I have viewed many vintage bike posts, images, archives but have not seen this exact bike.  I am guessing perhaps a 1936 Duralumin.  I have attached some pictures with hopes of one of the expert bike junkies (meant in the most appreciative way) can identify what I have.  There is a Morrow identification which I believe is the braking system.  The bike seat has a Troxel engraved tab on the back of the seat.  I would like to determine the value and sell it.


----------



## fordmike65 (Mar 17, 2017)

@ratrodz


----------



## bricycle (Mar 17, 2017)

Welcome to the CABE!


----------



## bricycle (Mar 17, 2017)

http://thecabe.com/forum/threads/silver-king-book-another-home-run.105781/#post-690959

http://thecabe.com/forum/threads/i-...lp-for-my-hawthorn-please.102564/#post-668687

http://thecabe.com/forum/threads/1936-aluminum-silver-king-new-purchase-questions.93535/#post-597439


----------



## rustjunkie (Mar 17, 2017)

Welcome, @Goldie 
Very nice bike! You've found a gem there. Looks to be an untouched original which is tough to find. Thinking 1935 might be the year. 
There's some info on Monark Silver King serial #s in post 5 here: 

http://thecabe.com/forum/threads/serial-number-and-date-code-information.71542/

The Morrow hub might have a date code on it, post 2 has that info.


----------



## ratrodz (Mar 17, 2017)

Sent you a message @Goldie


----------



## Goldie (Mar 17, 2017)

Thanks!  Will get with you.


----------



## Goldie (Mar 17, 2017)

Wow!  What a great group of bicycle junkies I've met in a day.  Very nice in providing information on an ol' classic.  Giving me much appreciation for the vintages.  As a 55 Chevy owner enjoying the family of "car guys," I'm sayin' you "bike guys" are a good group too.  Thanks for the add.


----------



## bricycle (Mar 17, 2017)

Goldie said:


> Wow!  What a great group of bicycle junkies I've met in a day.  Very nice in providing information on an ol' classic.  Giving me much appreciation for the vintages.  As a 55 Chevy owner enjoying the family of "car guys," I'm sayin' you "bike guys" are a good group too.  Thanks for the add.

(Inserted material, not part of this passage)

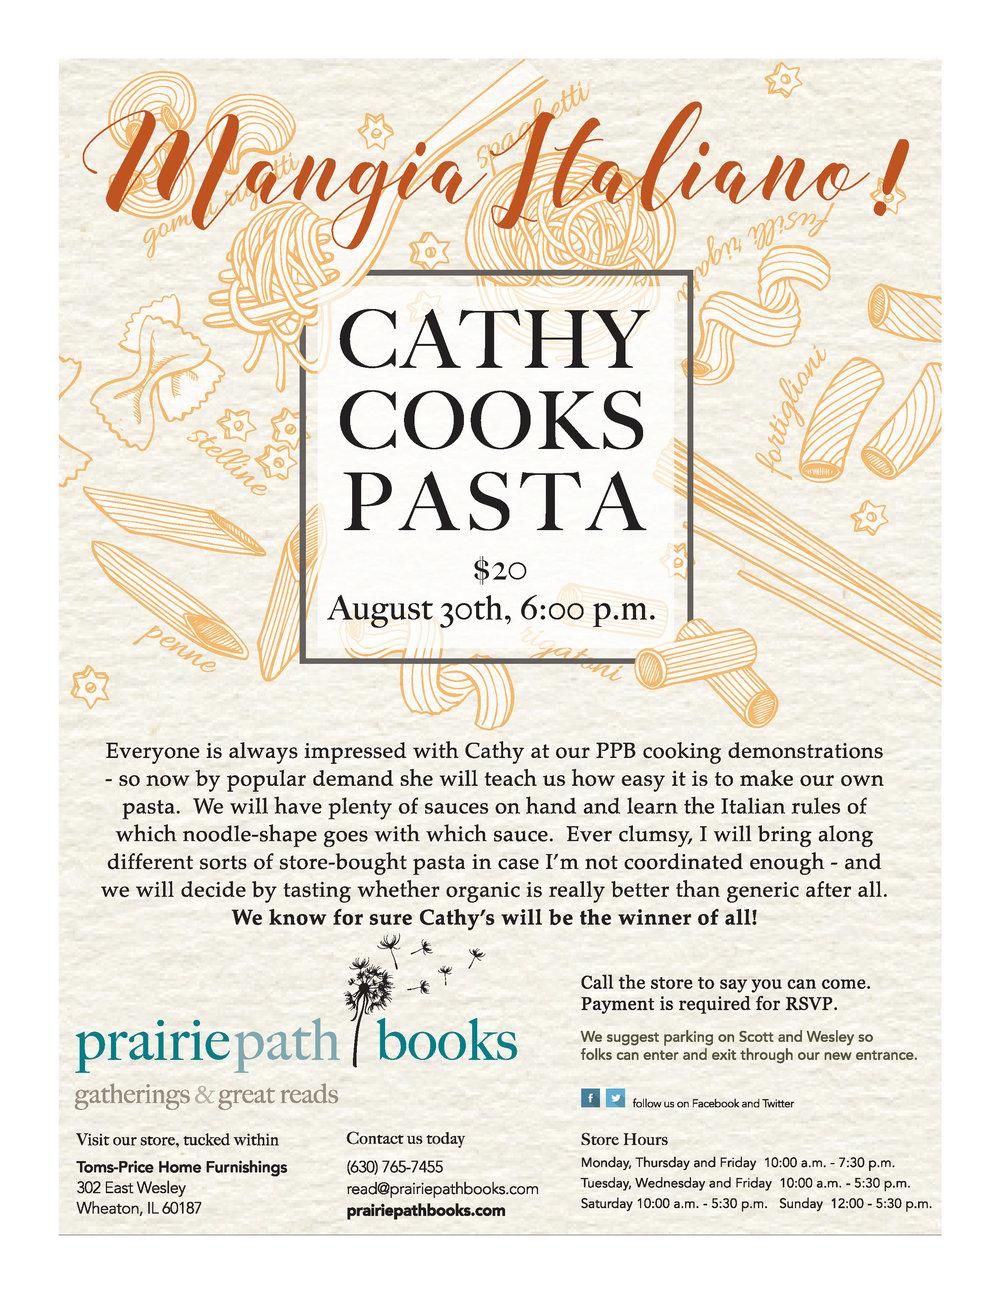 CathyCooksPasta_August30.jpg

Pics of '55 please! U 2 if you're so inclined.


----------



## HIGGINSFOREVER (Mar 17, 2017)

Welcome to the cabe,I lived in grand junction a few years back beautiful country rough winters


----------



## Goldie (Mar 18, 2017)

What was the introduction year of the Silver King?


----------



## John (Mar 18, 2017)

1934?


----------



## ratrodz (Mar 18, 2017)

Johns correct, 34'.


----------



## rustjunkie (Mar 19, 2017)

This  bike is shown in the 1935 Wards Catalog

http://rover.ebay.com/rover/1/711-5...0001&campid=5335809022&icep_item=292048650018


----------